#### Provided material
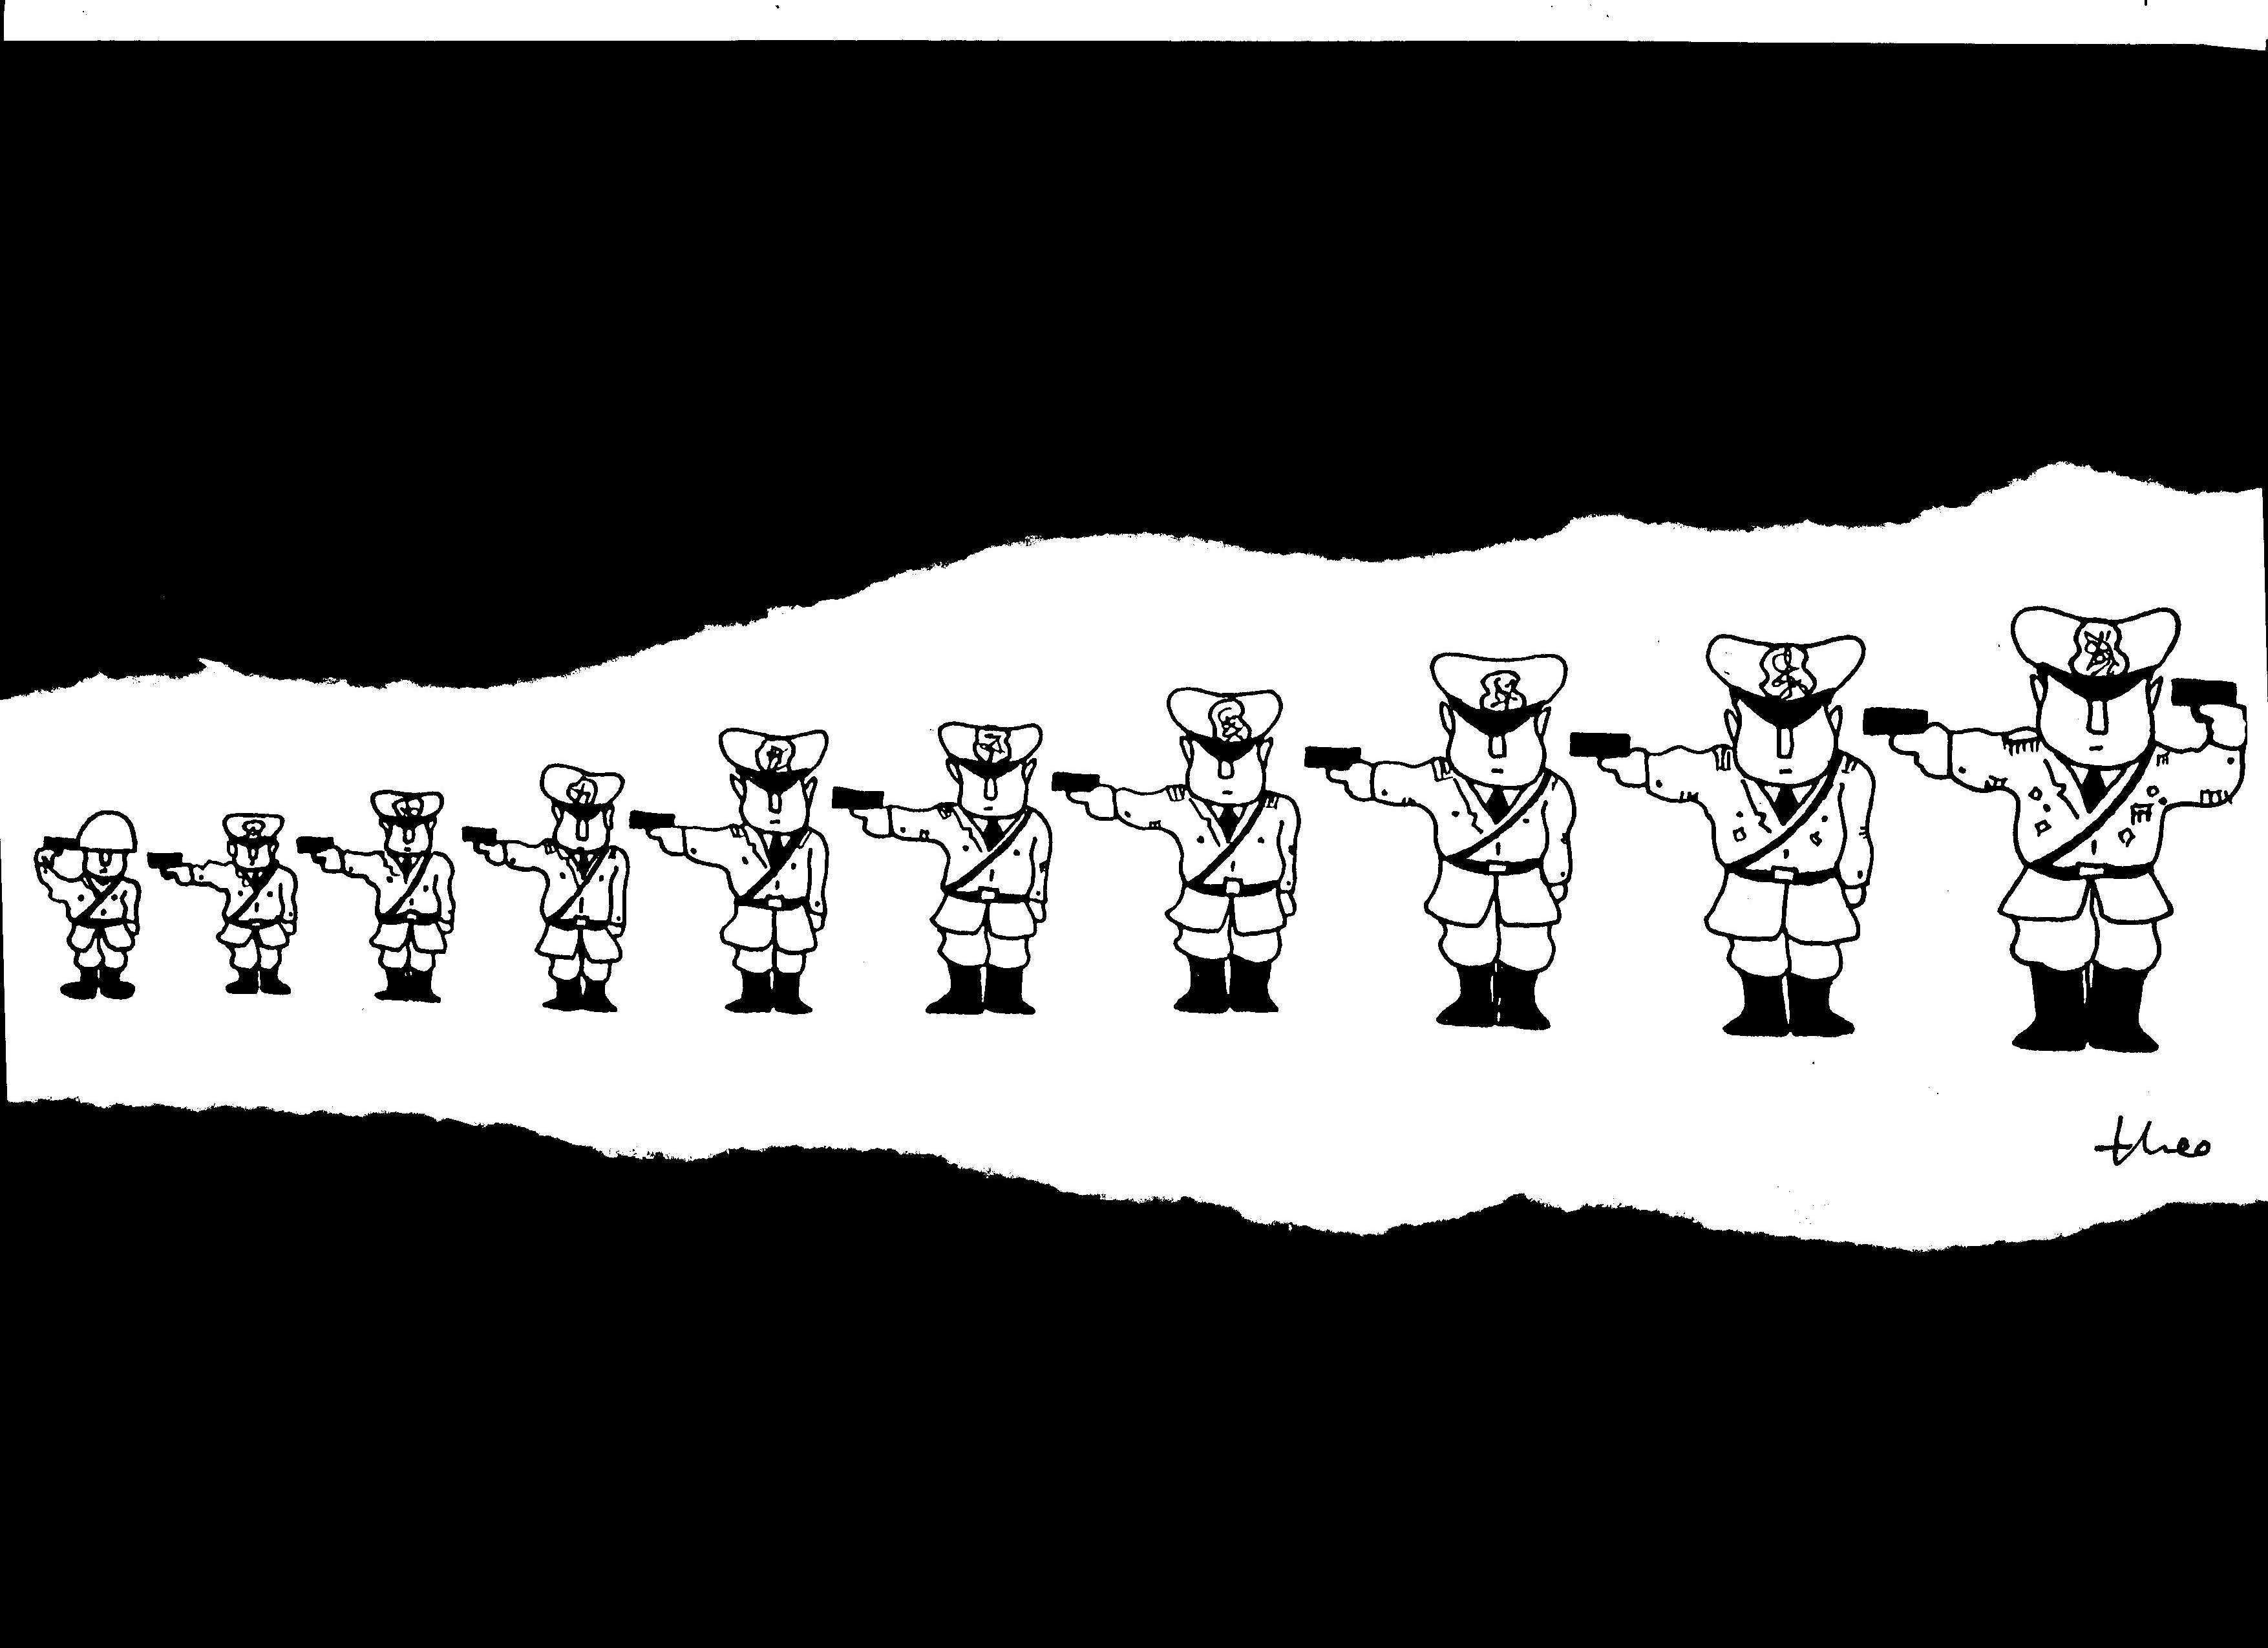 Θεοδόσης Βρανάς. Κλειστό κύκλωμα
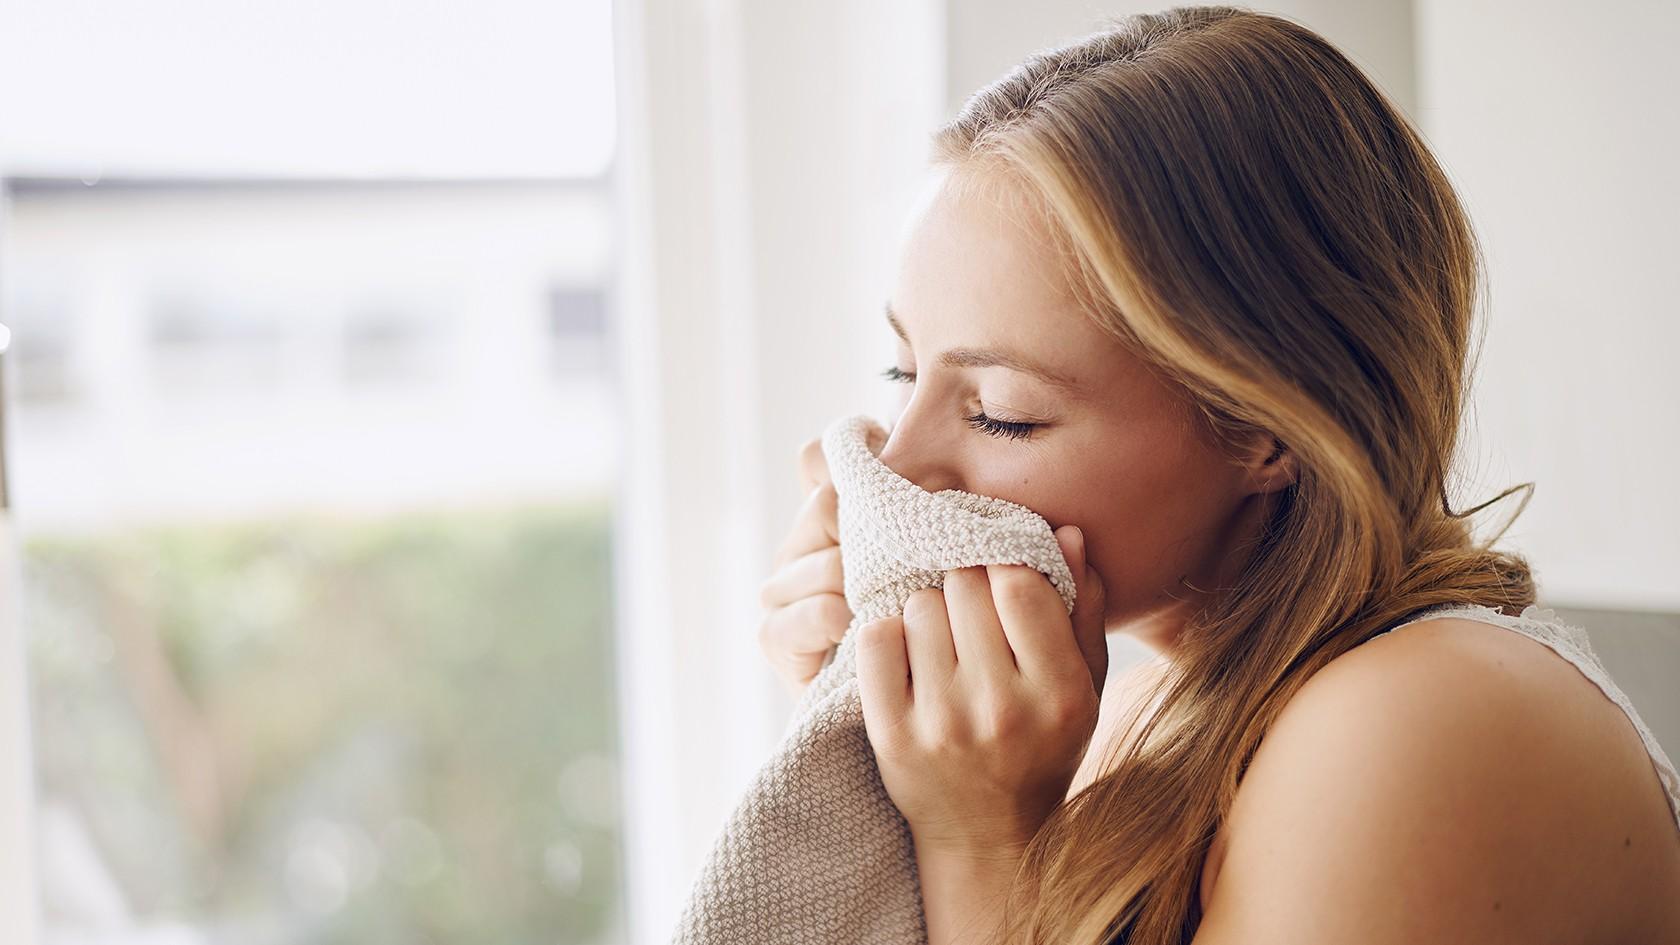 Eine Frau genießt mit geschlossenen Augen den Duft frischgewaschener Wäsche.
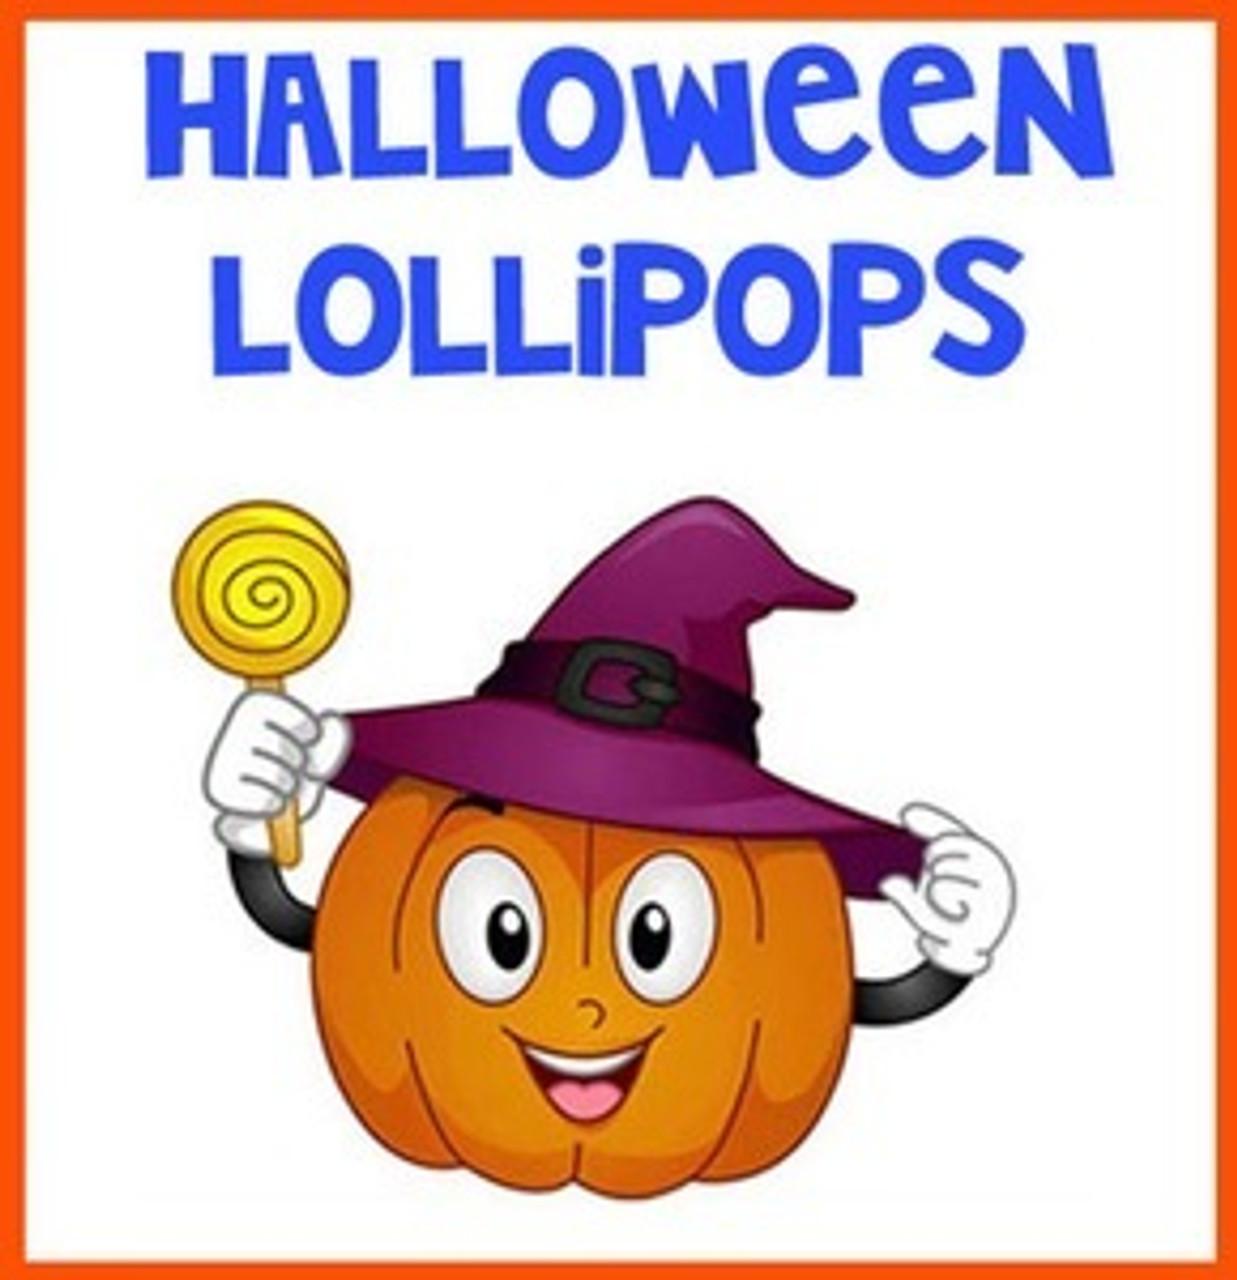 Halloween Lollipop Selections
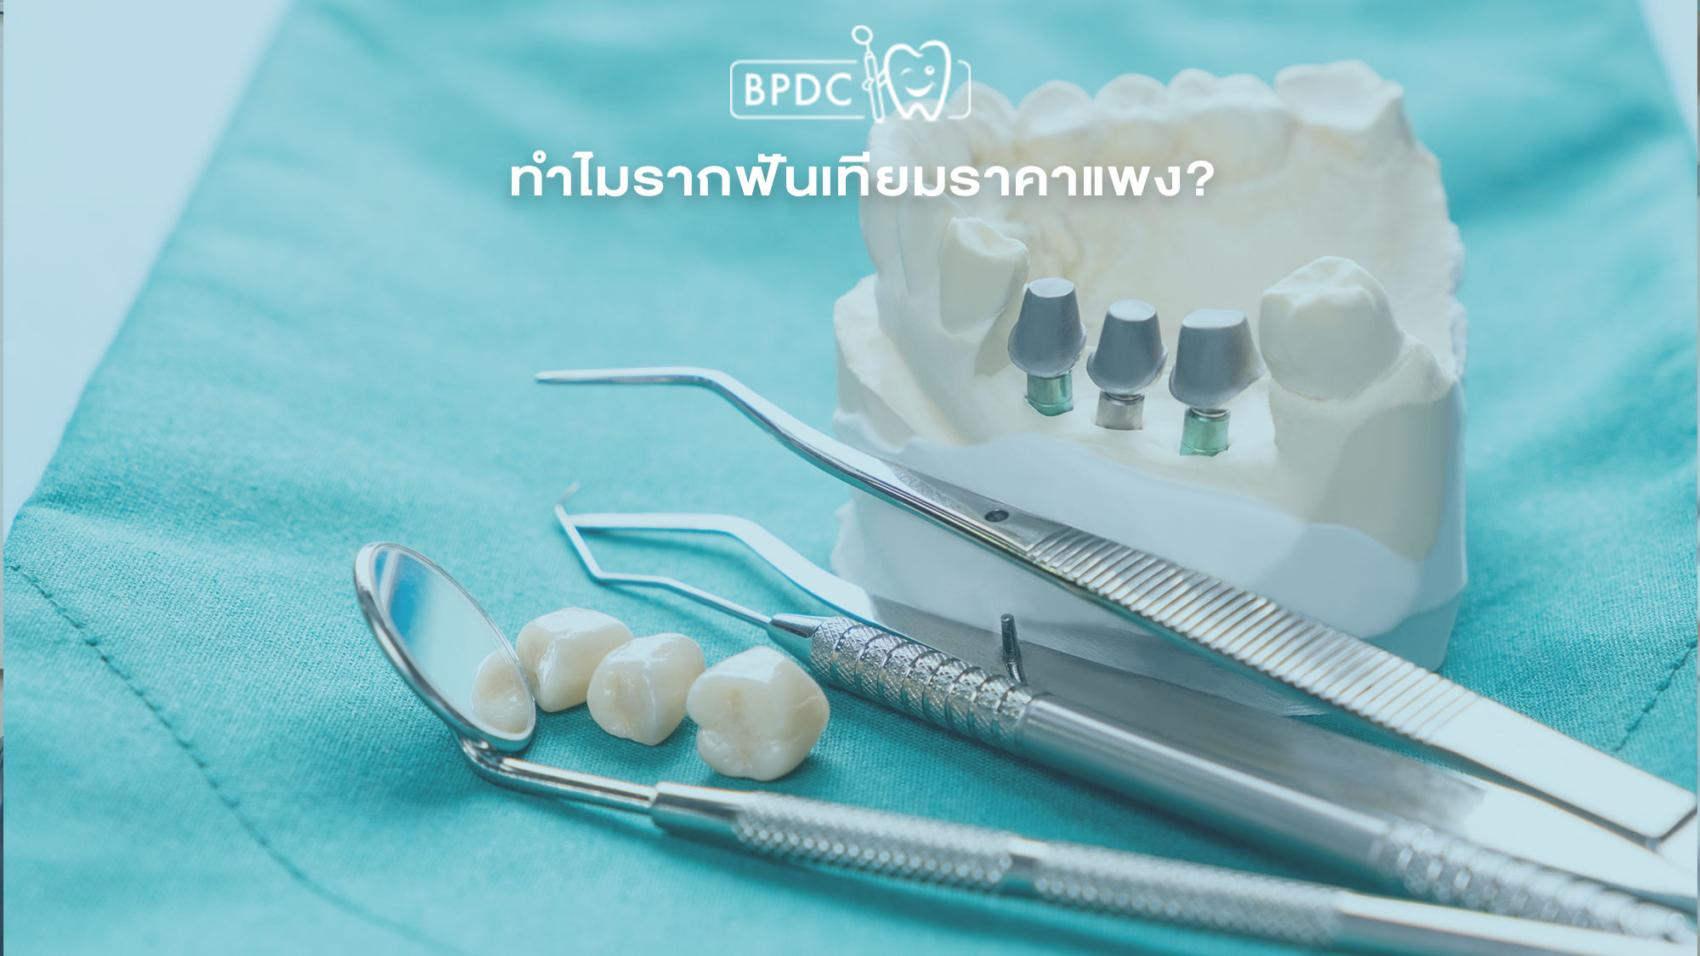 ทำไมรากฟันเทียมราคาแพง

#### Try it
The required output is every line from the one containing "Halloween Lollipop Selections" through the last line of the data above, restated exactly and without pictures.

#### Task response
 Halloween Lollipop Selections
 ทำไมรากฟันเทียมราคาแพง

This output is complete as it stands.